▶ _INPUT DATA_

+---+

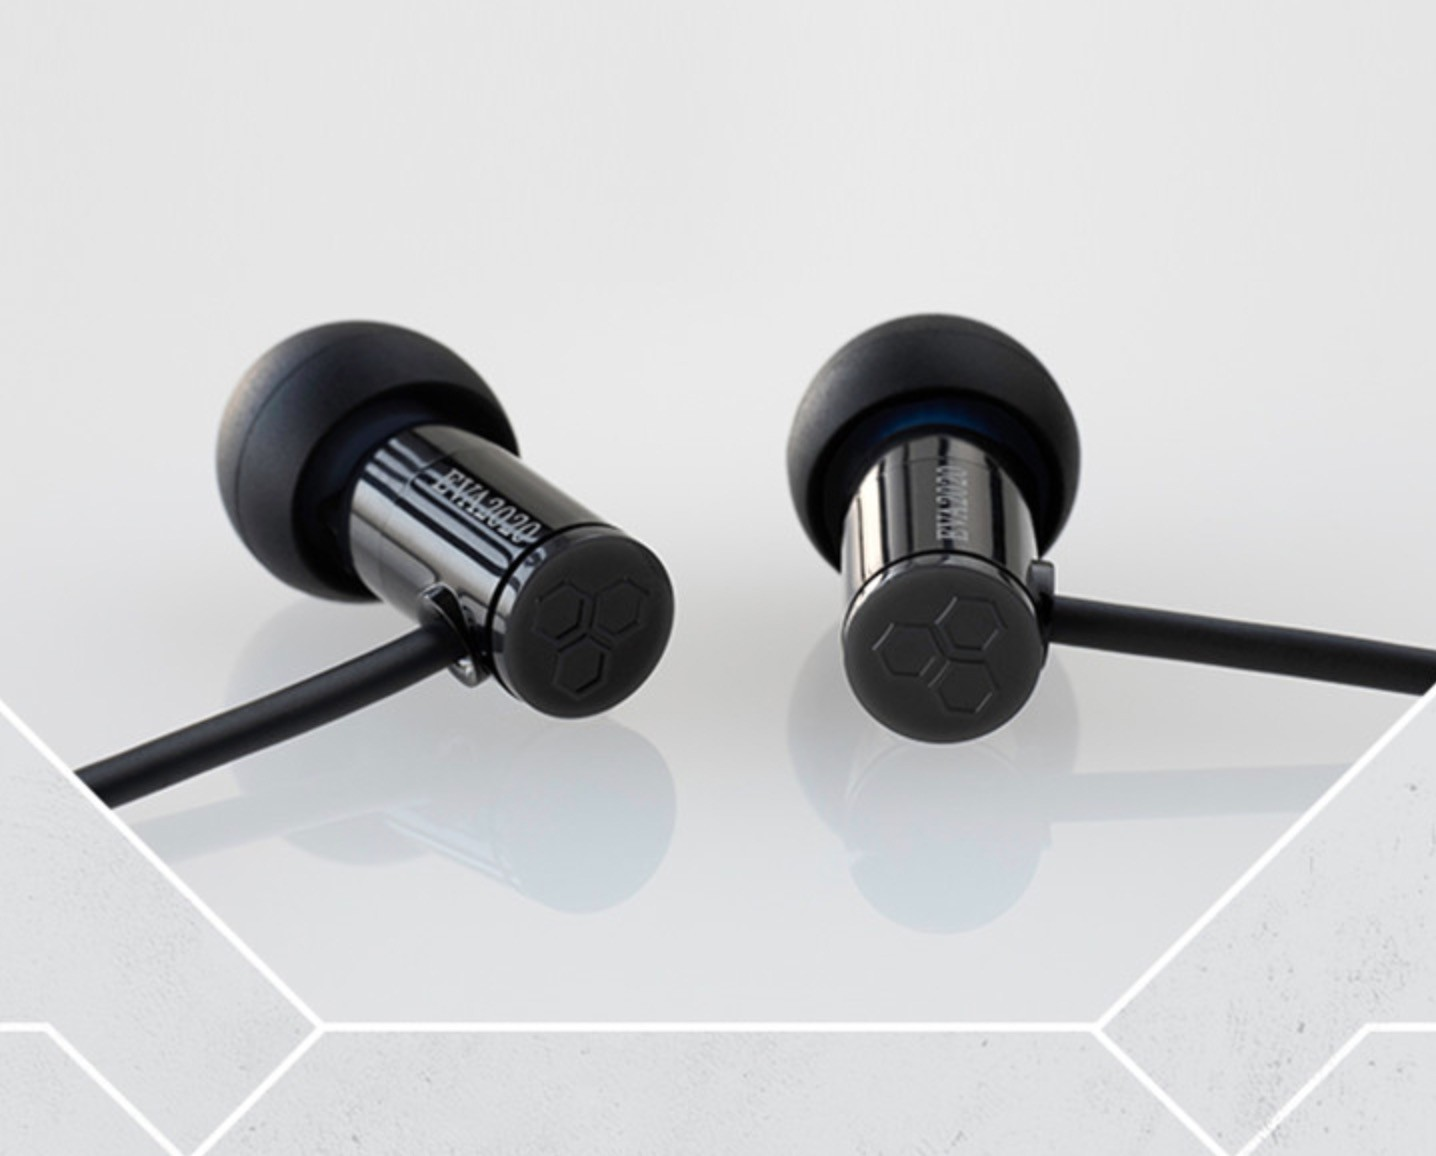 EVA2020 × final 合作款 有线耳机
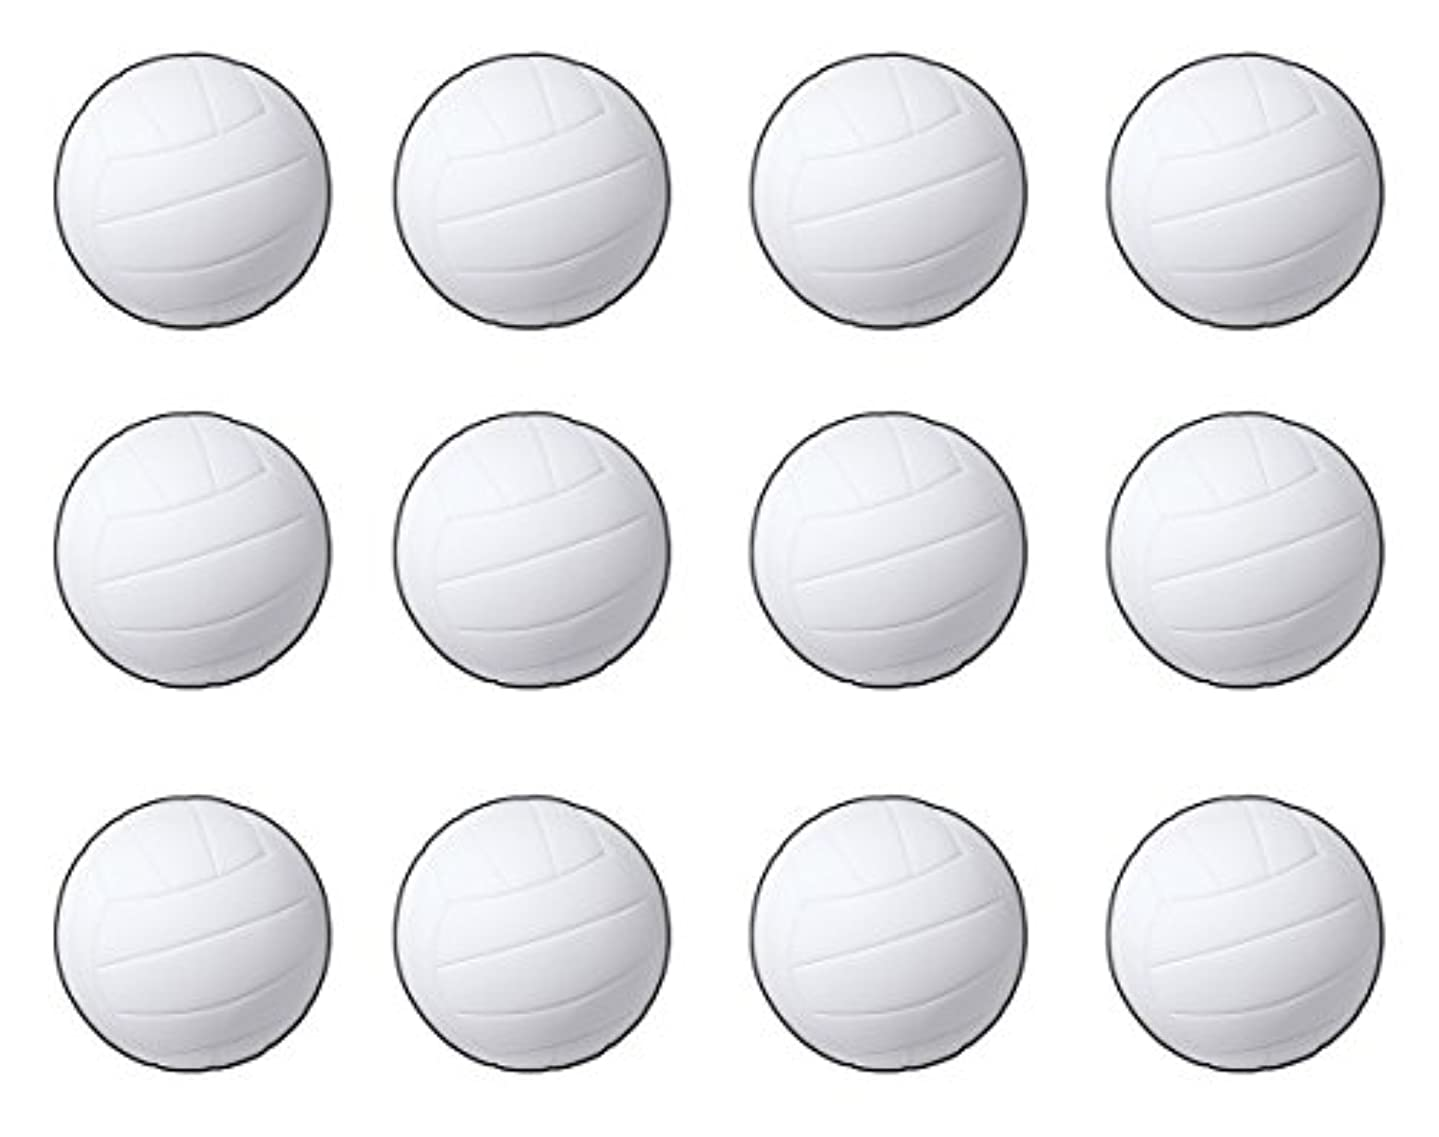 Beistle S55087AZ12, 12 Piece Volleyball Cutouts, 13.5'' (White/Black)
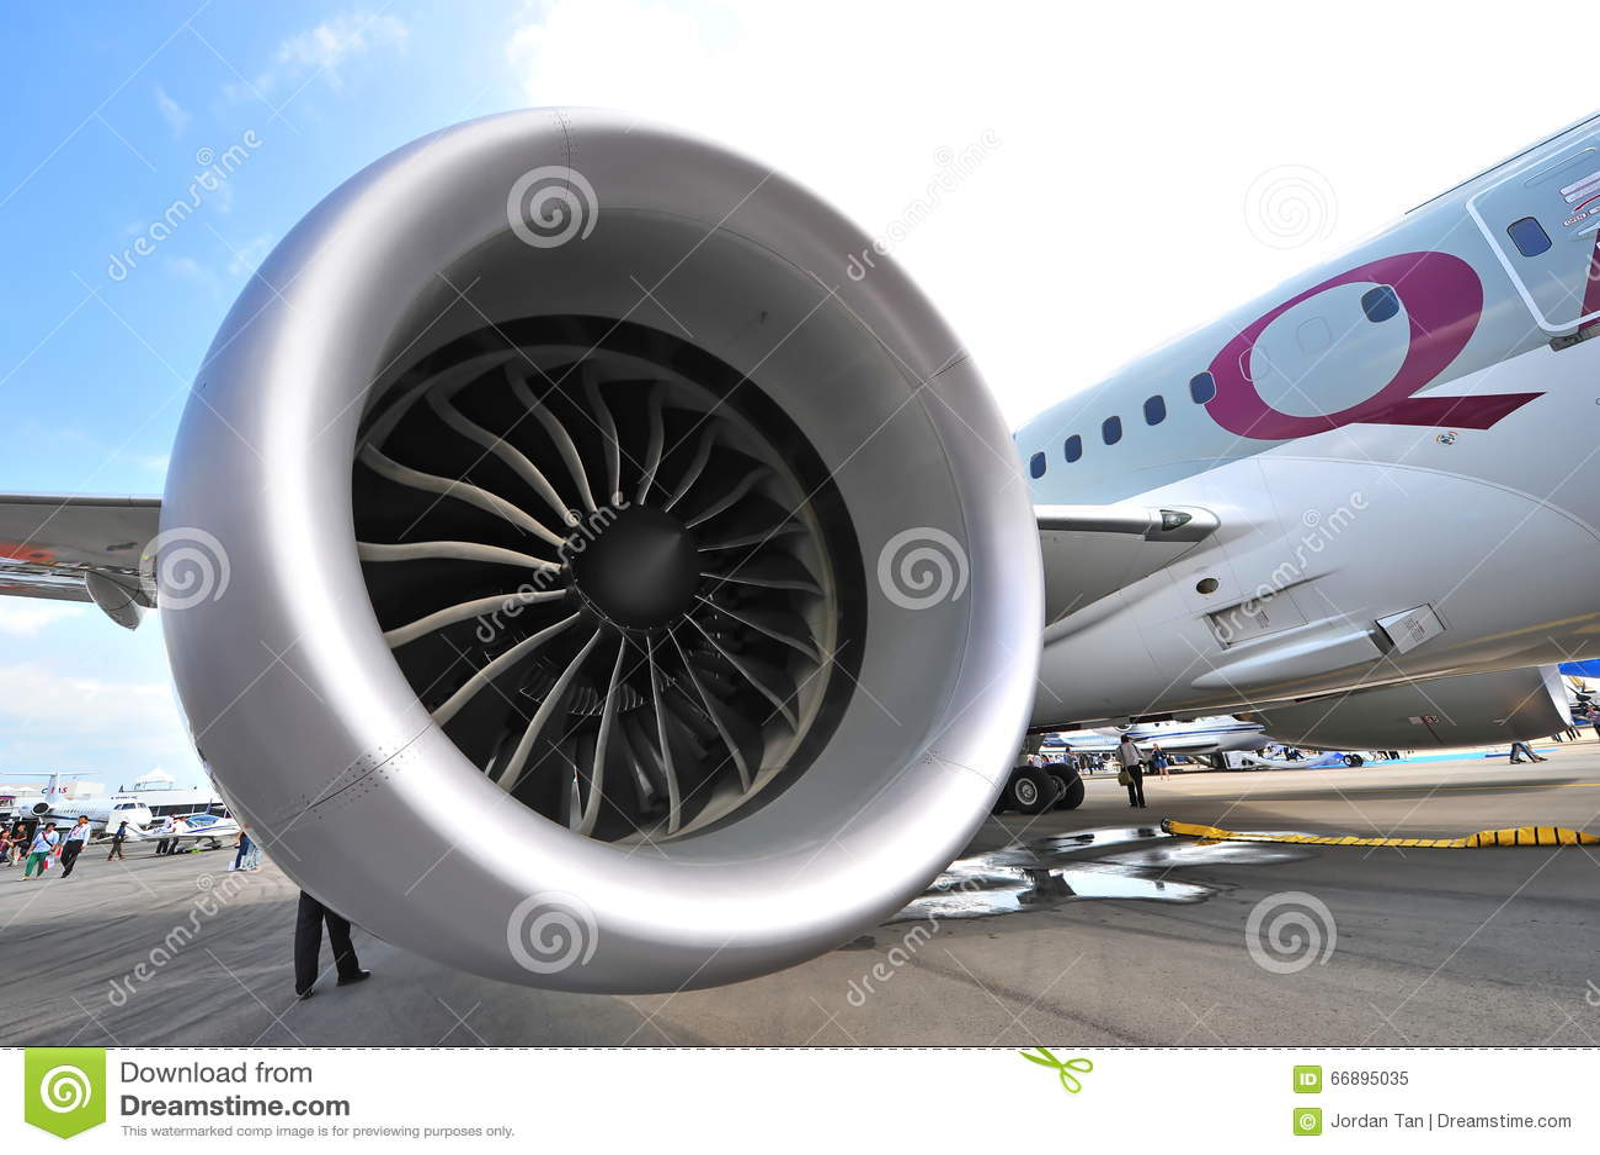 General Electric GEnx engine powering the Qatar Airways Boeing 787-8 Dreamliner at Singapore Airshow
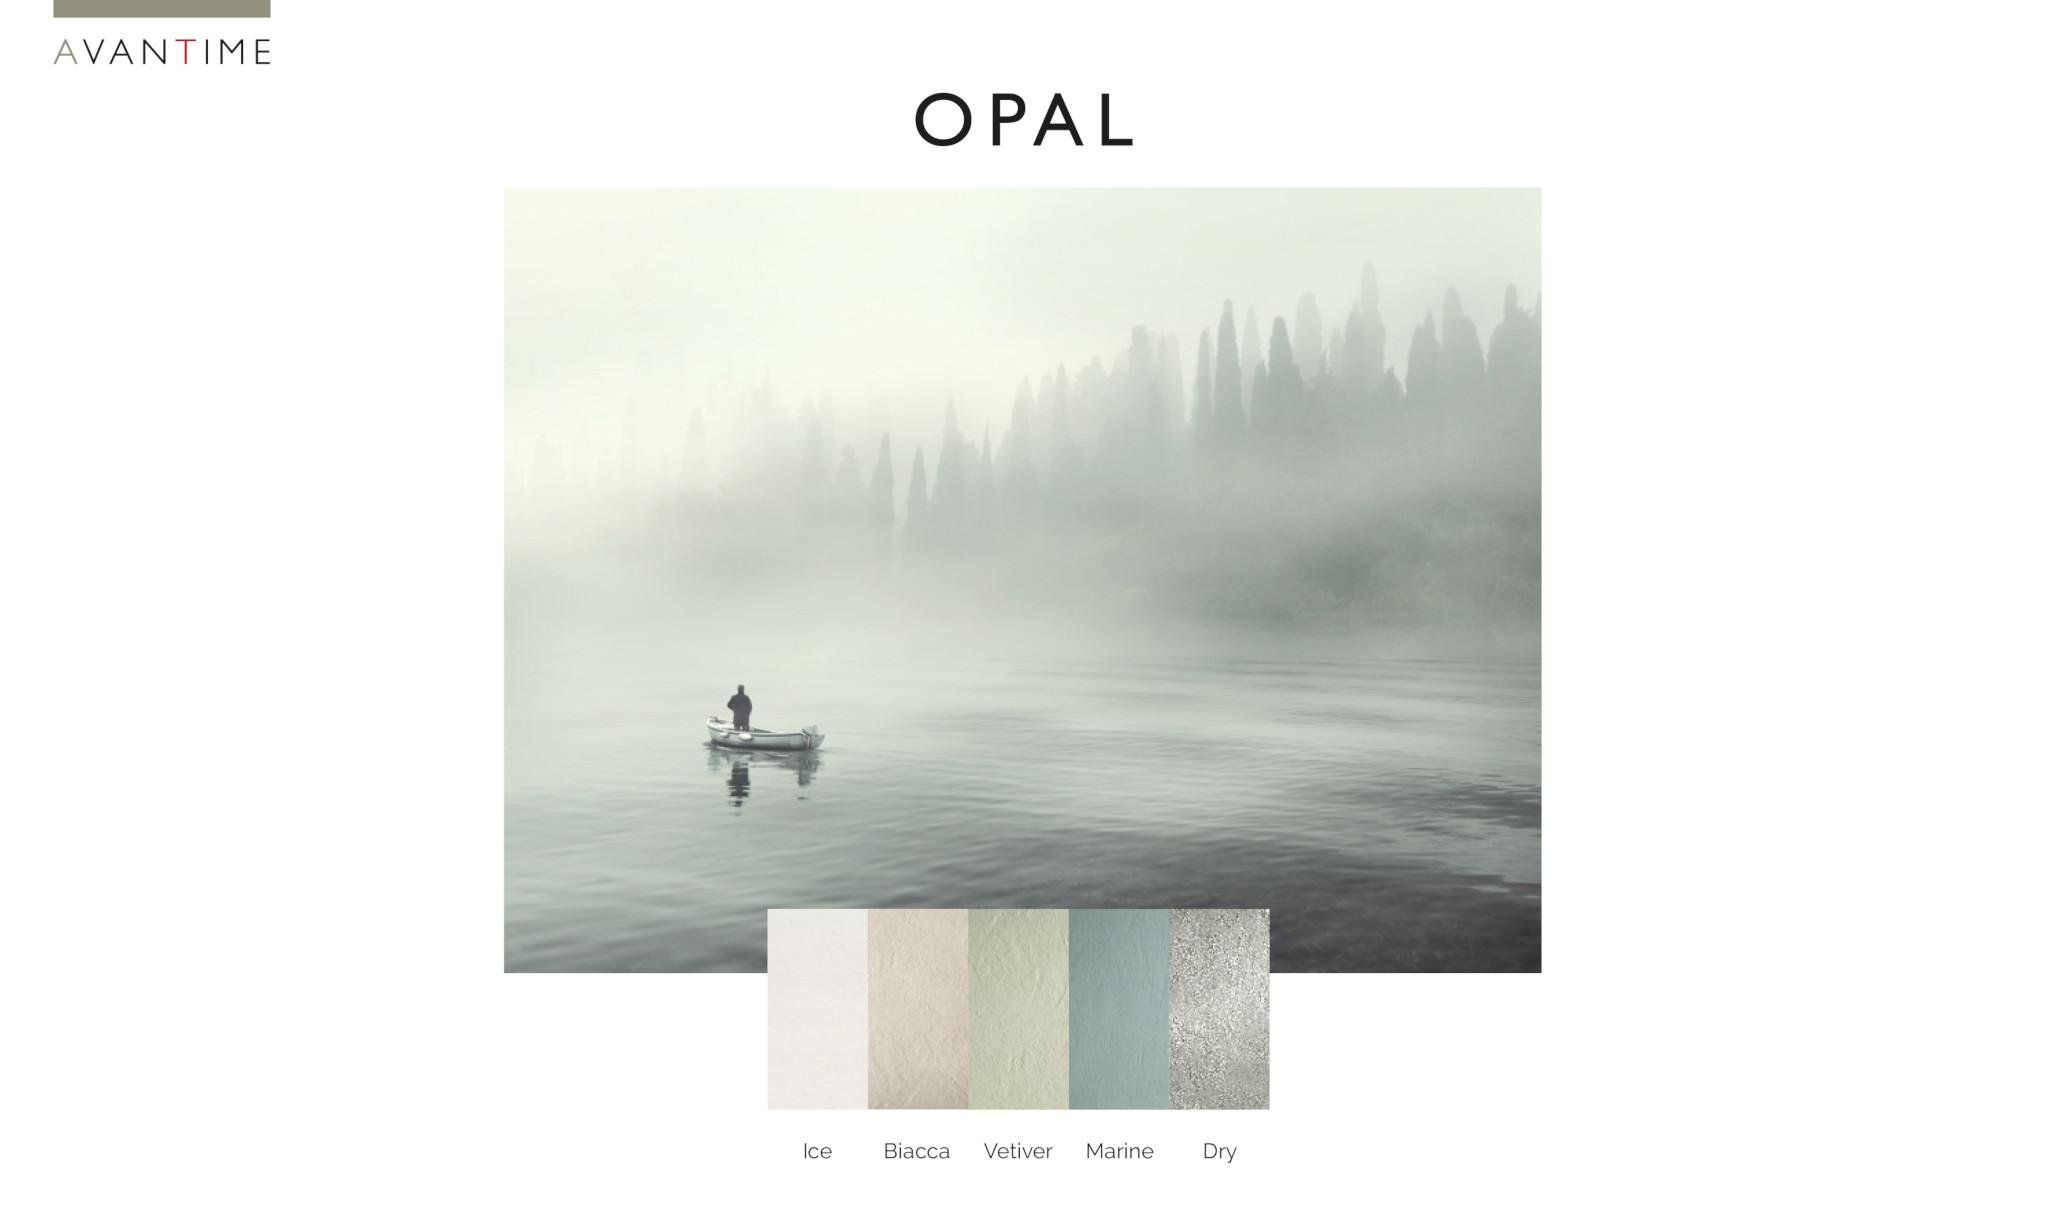 Inspiration Pallette - Opal

+---+

▶ _TASK ITEM_
An exact copy of the whole listing is required, minus the pictures.

▶ _PROBLEM SOLUTION_
 EVA2020 × final 合作款 有线耳机
 Beistle S55087AZ12, 12 Piece Volleyball Cutouts, 13.5'' (White/Black)
 General Electric GEnx engine powering the Qatar Airways Boeing 787-8 Dreamliner at Singapore Airshow
 Inspiration Pallette - Opal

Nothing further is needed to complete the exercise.